# Fix: experience-mine dedup and retry handling

## Problem

1. **Whole-file dedup key prevents mining new segments.** When a session
   is mined, `experience_mine()` writes `_mined-transcripts#f-{UUID}` (a
   whole-file key). If the session later grows (compaction adds segments),
   the daemon sees the whole-file key and skips it forever. New segments
   never get mined.

2. **No retry backoff.** When `claude` CLI fails (exit status 1), the
   session-watcher re-queues the same session every 60s tick. This
   produces a wall of failures in the log and wastes resources.

## Design

### Dedup keys: per-segment only

Going forward, dedup keys are per-segment: `_mined-transcripts#f-{UUID}.{N}`
where N is the segment index. No more whole-file keys.

Segment indices are stable — compaction appends new segments, never
reorders existing ones. See `docs/claude-code-transcript-format.md`.

### Migration of existing whole-file keys

~276 sessions have whole-file keys (`_mined-transcripts#f-{UUID}` with
no segment suffix) and no per-segment keys. These were mined correctly
at the time.

When the session-watcher encounters a whole-file key:
- Count current segments in the file
- Write per-segment keys for all current segments (they were covered
  by the old whole-file key)
- If the file has grown since (new segments beyond the migrated set),
  those won't have per-segment keys and will be mined normally

This is a one-time migration per file. After migration, the whole-file
key is harmless dead weight — nothing creates new ones.

### Retry backoff

The session-watcher tracks failed sessions in a local
`HashMap<String, (Instant, Duration)>` mapping path to
(next_retry_after, current_backoff).

- Initial backoff: 5 minutes
- Each failure: double the backoff
- Cap: 30 minutes
- Resets on daemon restart (map is thread-local, not persisted)

## Changes

### `poc-memory/src/agents/enrich.rs`

`experience_mine()`: stop writing the bare filename key for unsegmented
calls. Only write the content-hash key (for the legacy dedup check at
the top of the function) and per-segment keys.

**Already done** — edited earlier in this session.

### `poc-memory/src/agents/daemon.rs`

Session-watcher changes:

1. **Remove whole-file fast path.** Delete the `is_transcript_mined_with_keys`
   check that short-circuits before segment counting.

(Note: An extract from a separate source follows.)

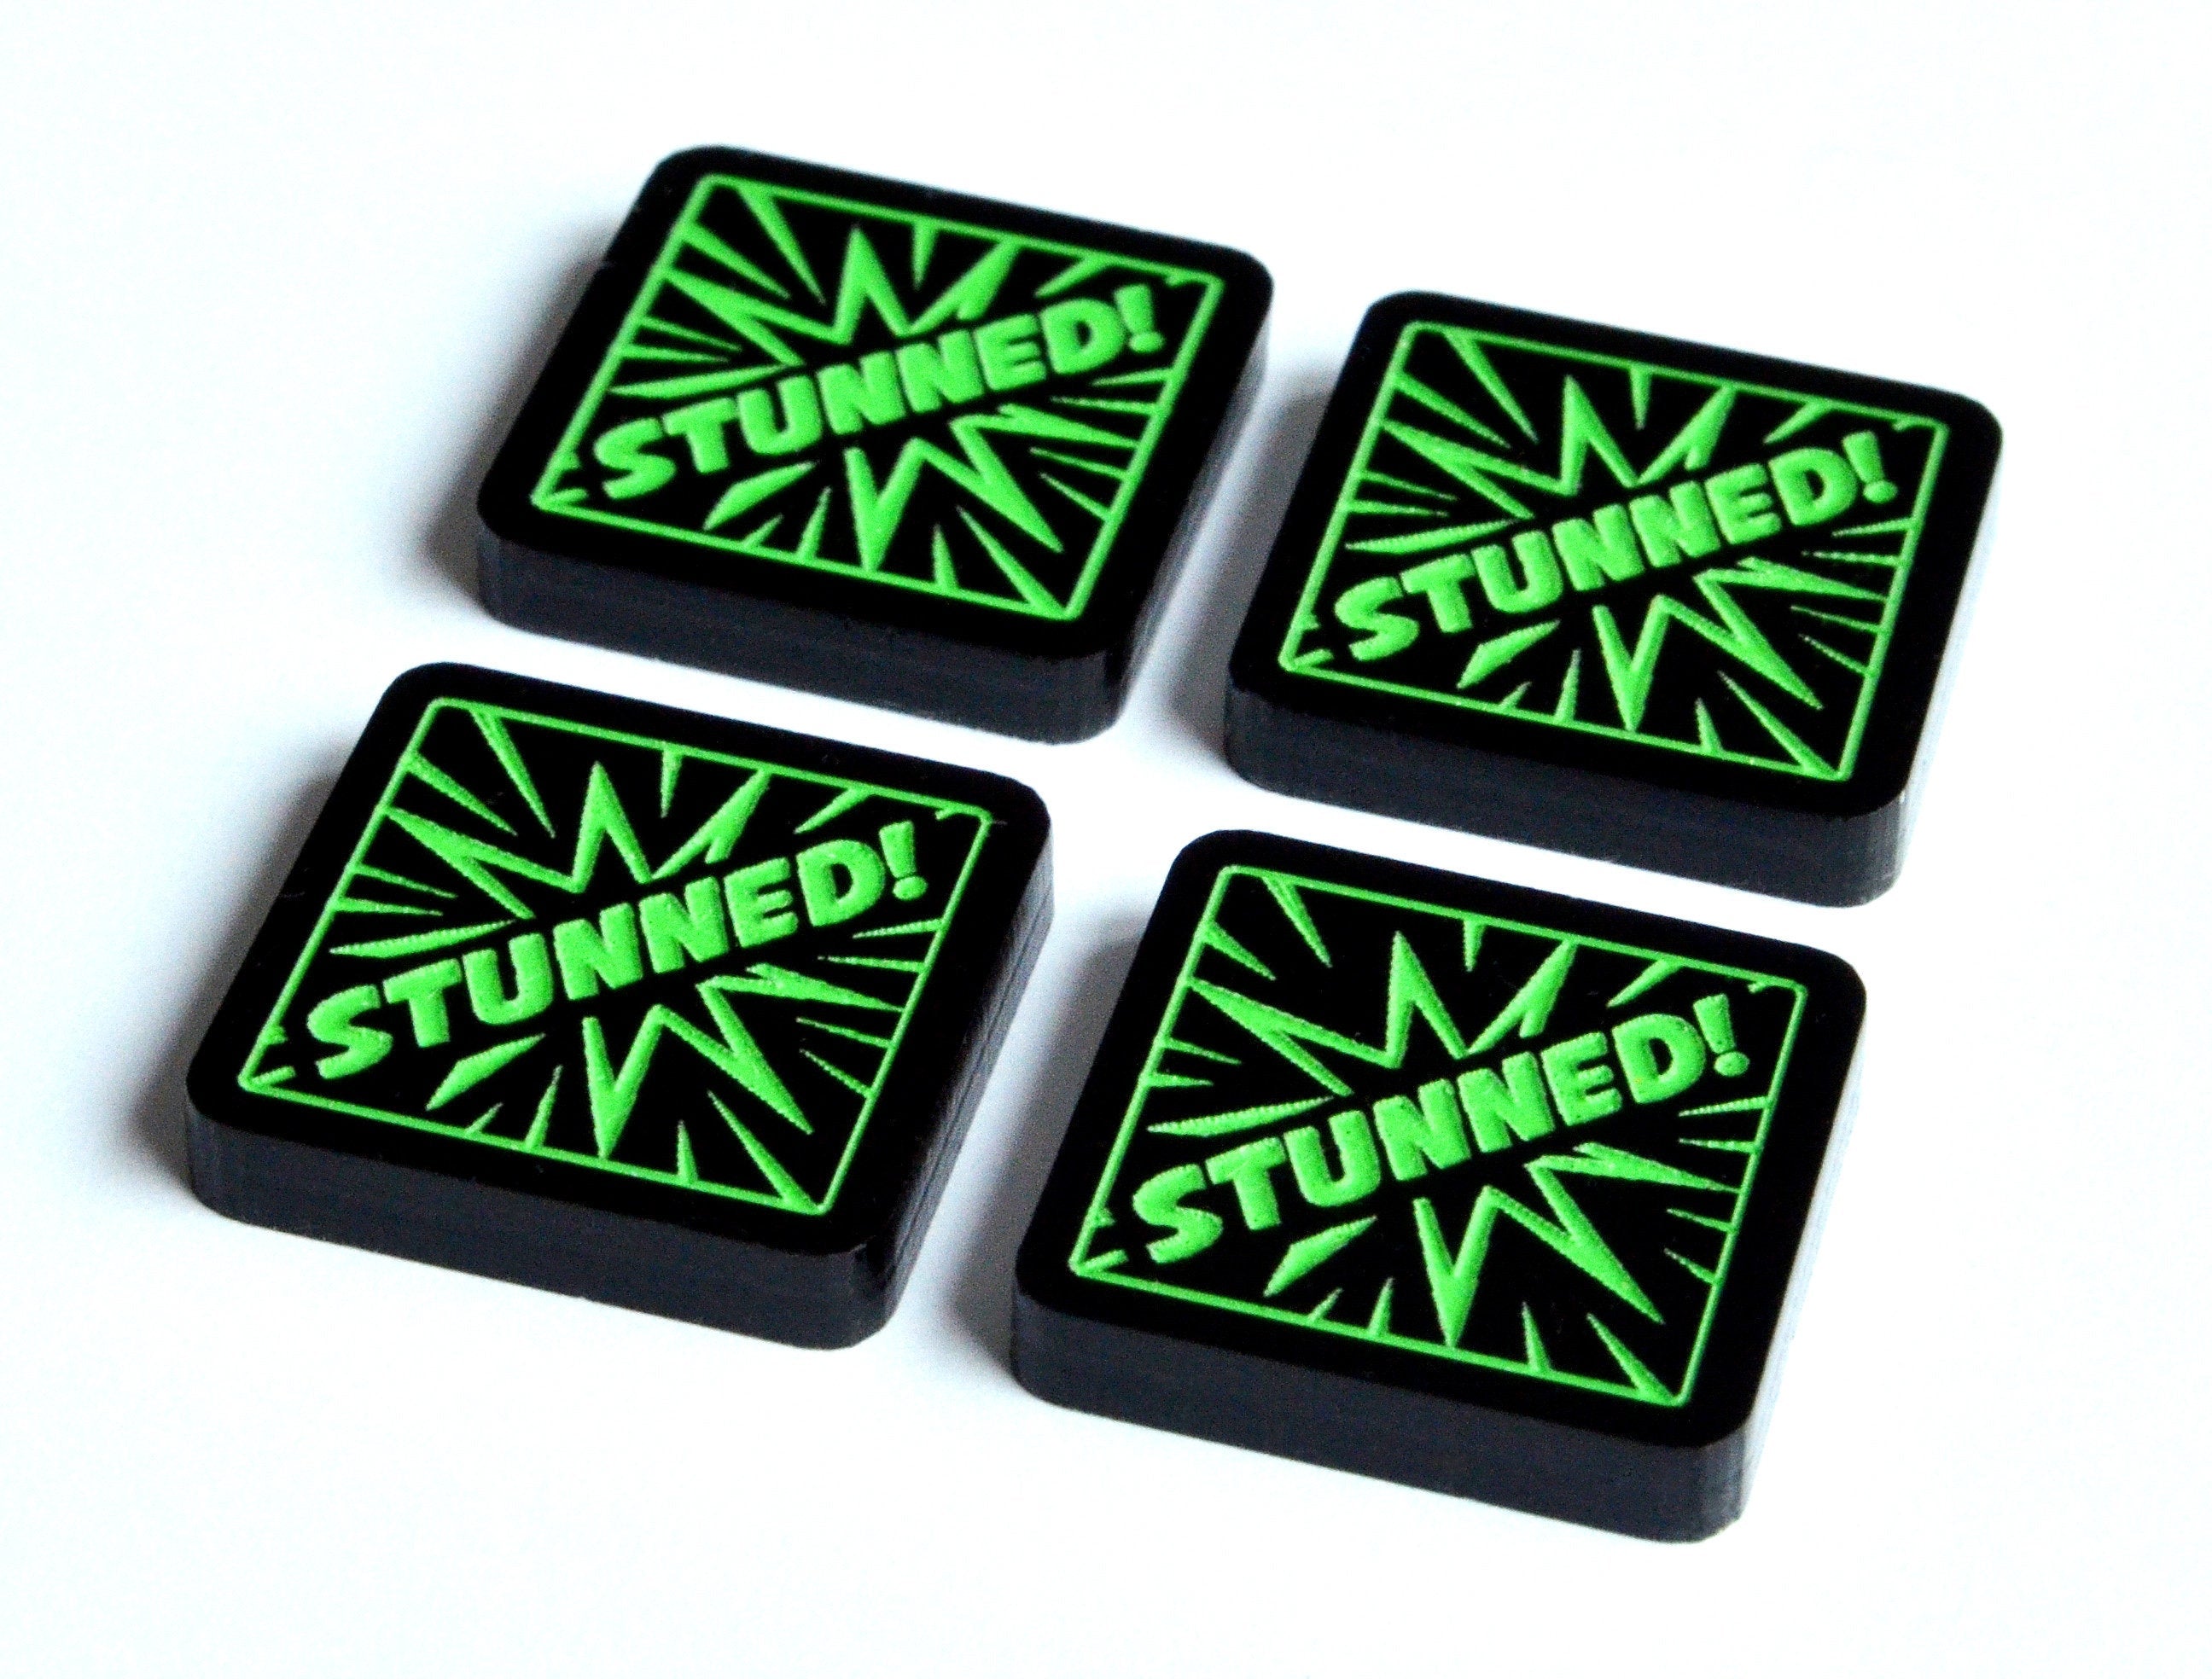 4 x Stunned Status Tokens (double sided) for Marvel Champions LCG

2. **Always go through segment-aware path.** Every stale session gets
   segment counting (cached) and per-segment key checks.

3. **Migrate whole-file keys.** When we find a whole-file key exists but
   no per-segment keys: write per-segment keys for all current segments
   into the store. One-time cost per file, batched into a single
   store load/save per tick.

4. **seg_cache with size invalidation.** Change from `HashMap<String, usize>`
   to `HashMap<String, (u64, usize)>` — `(file_size, seg_count)`. When
   stat shows a different size, evict and re-parse.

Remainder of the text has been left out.